Thaumatologie (griech.), Lehre von den Wundern.

Thaumatrop (griech.), von Paris 1827 erfundener Apparat, welcher gleich dem Phänakistoskop auf der Nachdauer der die Netzhaut treffenden Lichteindrücke beruht. Wird eine kreisförmige Pappscheibe um ihren Durchmesser gedreht, so daß man schnell hintereinander beide Seiten erblickt, so verschmelzen die auf letztern vorhandenen Zeichnungen zu einem einzigen Bild. Zeigt z. B. die eine Seite einen Vogel, die zweite einen Käfig, so erblickt man beim Rotieren der Scheibe den Vogel im Käfig.

Thaumatúrg (griech.), Wunderthäter (daher Beiname mehrerer Heiligen, namentlich der griechischen Kirche), auch s. v. w. Gaukler.

Thausing, Moritz, Kunstschriftsteller, geb. 3. Juni 1838 auf Schloß Tschischkowitz bei Leitmeritz in Böhmen, studierte an den Universitäten Prag, Wien und München Geschichte und germanische Philologie und war anfangs auf diesen Gebieten schriftstellerisch thätig, bis er sich, nachdem er 1868 Vorsteher der Kupferstich- und Handzeichnungensammlung des Erzherzogs Albrecht (Albertina) in Wien geworden, der Kunstwissenschaft zuwendete. 1873 wurde er Professor der Kunstgeschichte an der Wiener Universität. Er starb durch eigne Hand 14. Aug. 1884 in Leitmeritz. T. gab heraus: "Dürers Briefe, Tagebücher und Reime" (Wien 1872); "Dürer, Geschichte seines Lebens und seiner Kunst" (2. Aufl., Leipz. 1884, 2 Bde.); "Le livre d'esquisses de J. J. Callot" (Wien 1881); "Wiener Kunstbriefe" (Leipz. 1884).

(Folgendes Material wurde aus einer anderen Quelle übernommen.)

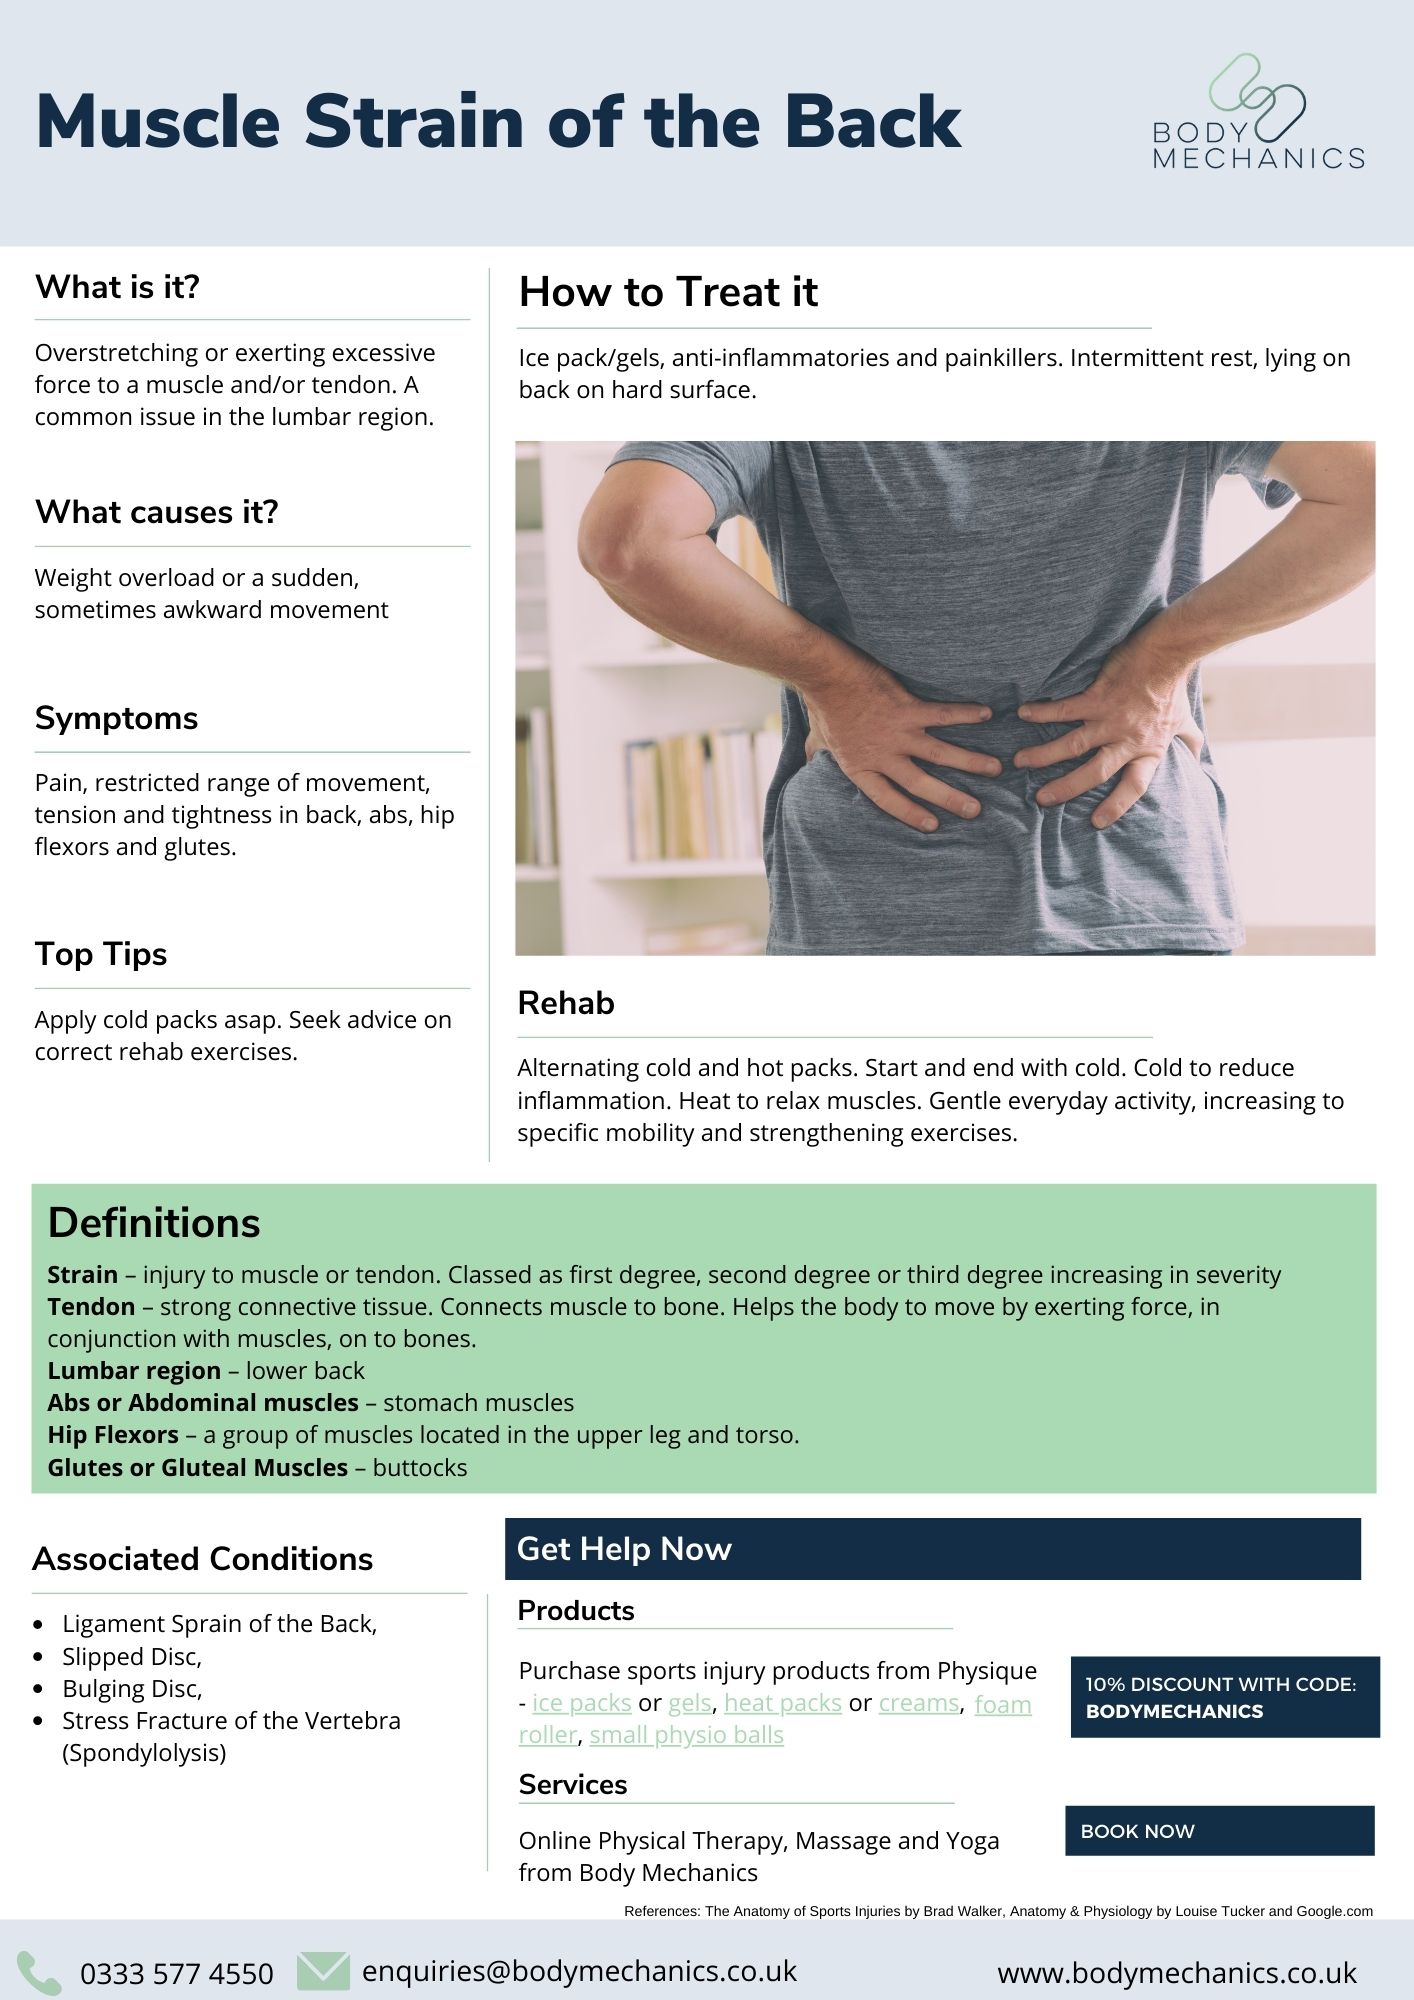 Muscle Strain of the Back Infosheet

Thaya, Fluß in Österreich, entsteht aus zwei Flüssen, der Mährischen und der Deutschen T., von denen erstere nordöstlich von Teltsch in Mähren, letztere bei Schweiggers in Niederösterreich entspringt und sich mit jener bei Raabs vereinigt, nimmt die Jaispitz, Pulkau und Iglawa auf und fällt bei Hohenau in die March; 282 km lang und sehr fischreich.

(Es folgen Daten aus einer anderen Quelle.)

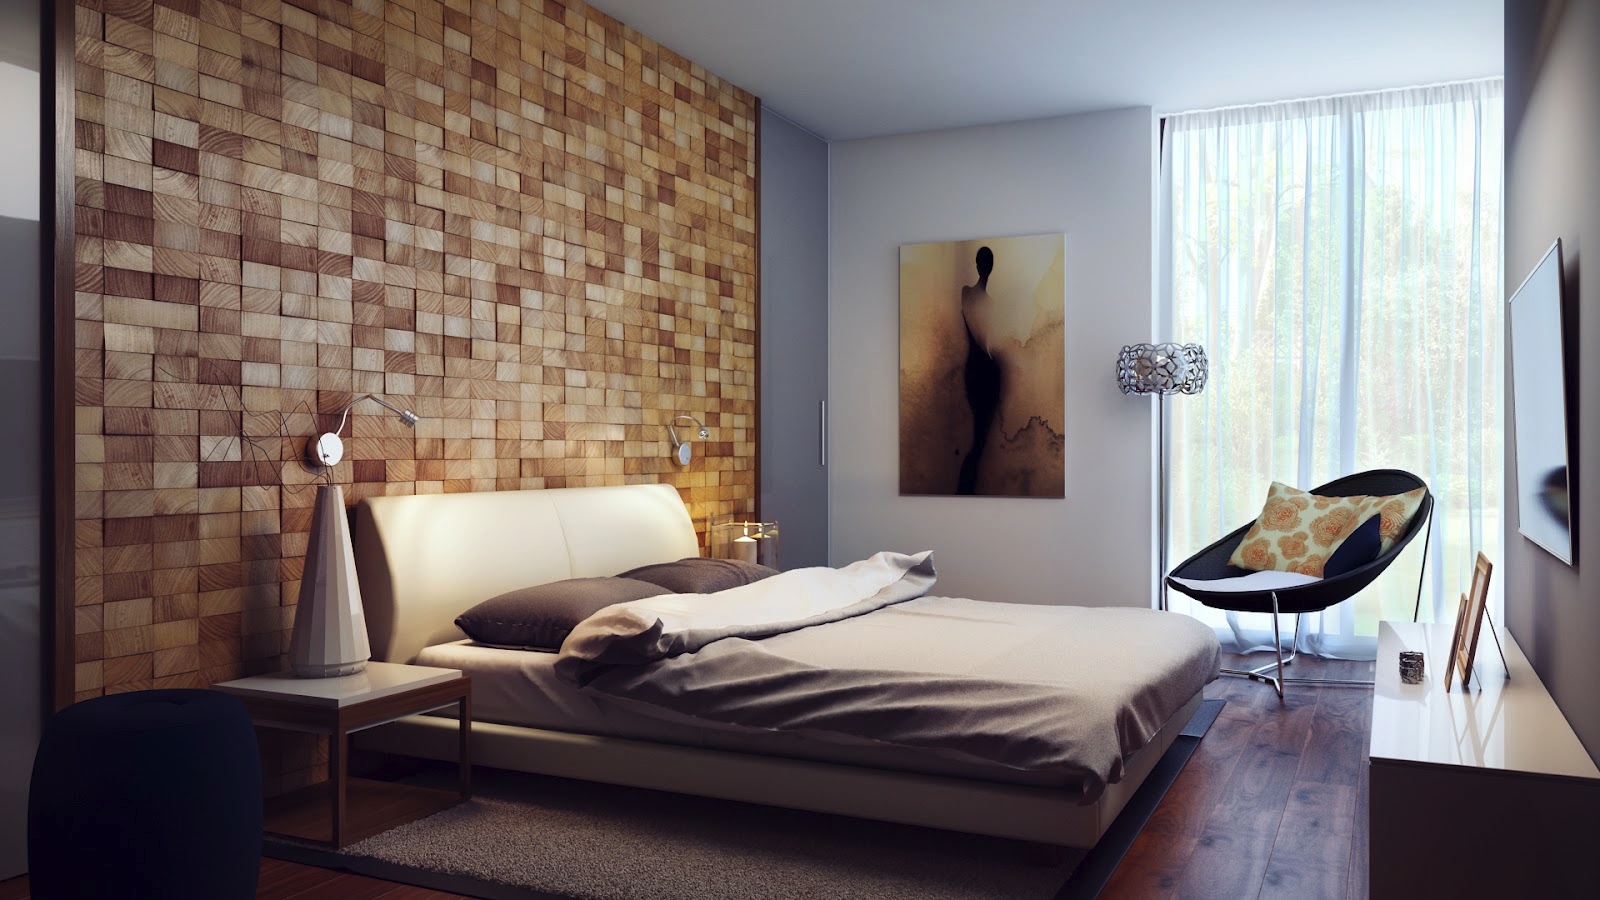 images bedding wood headboard design bedrooms with wooden panel cozy bedroom

Thayer (spr. theh'r), Alexander Wheelock, amerikan. Schriftsteller, insbesondere als Biograph Beethovens hochverdient, geb. 22. Okt. 1817 zu South Natick (Massachusetts), studierte Rechtswissenschaft an der Harvard University zu Cambridge, trat, nachdem er daselbst promoviert hatte, in den Staatsdienst, war 1860-64 bei der amerikanischen Gesandtschaft in Wien angestellt und lebte seitdem als Konsul der Vereinigten Staaten in Triest. Seit 1882 widmet er sich ausschließlich litterarischen Studien. Schon frühzeitig hatte er den Plan einer erschöpfenden Biographie Beethovens gefaßt und zur Ausführung desselben wiederholt (1849-51, 1854-56, 1858 ff.) Studienreisen nach Deutschland unternommen, wo er durch seine Nachforschungen ein überaus reiches Material zusammenbrachte. Das Werk erschien zunächst in deutscher Übersetzung (von H. Deiters): "L. van Beethovens Leben" (Berl. 1876-79, 3 Bde.), und entwirft unter Beiseitelassung aller musikalischen Analyse und Charakteristik von dem Lebensgang und menschlichen Charakter des Meisters ein Bild, das an Vollständigkeit, Treue und psychologischem Verständnis jeden frühern Versuch auf diesem Gebiet weit hinter sich läßt. T. veröffentlichte außerdem: "Signor Masoni and other papers of the late J. Brown", eine Sammlung musikalischer Novellen (Berl. 1862); "Chronologisches Verzeichnis der Werke L. van Beethovens" (das. 1865); "Ein kritischer Beitrag zur Beethoven-Litteratur" (das. 1877) u. a.

Thäyingen (Thayngen), Dorf im schweizer. Kanton Schaffhausen, an der Bahnlinie Konstanz-Schaffhausen, mit Weinbau und (1888) 1185 Einw. über die dort gemachten Höhlenfunde s. Randen.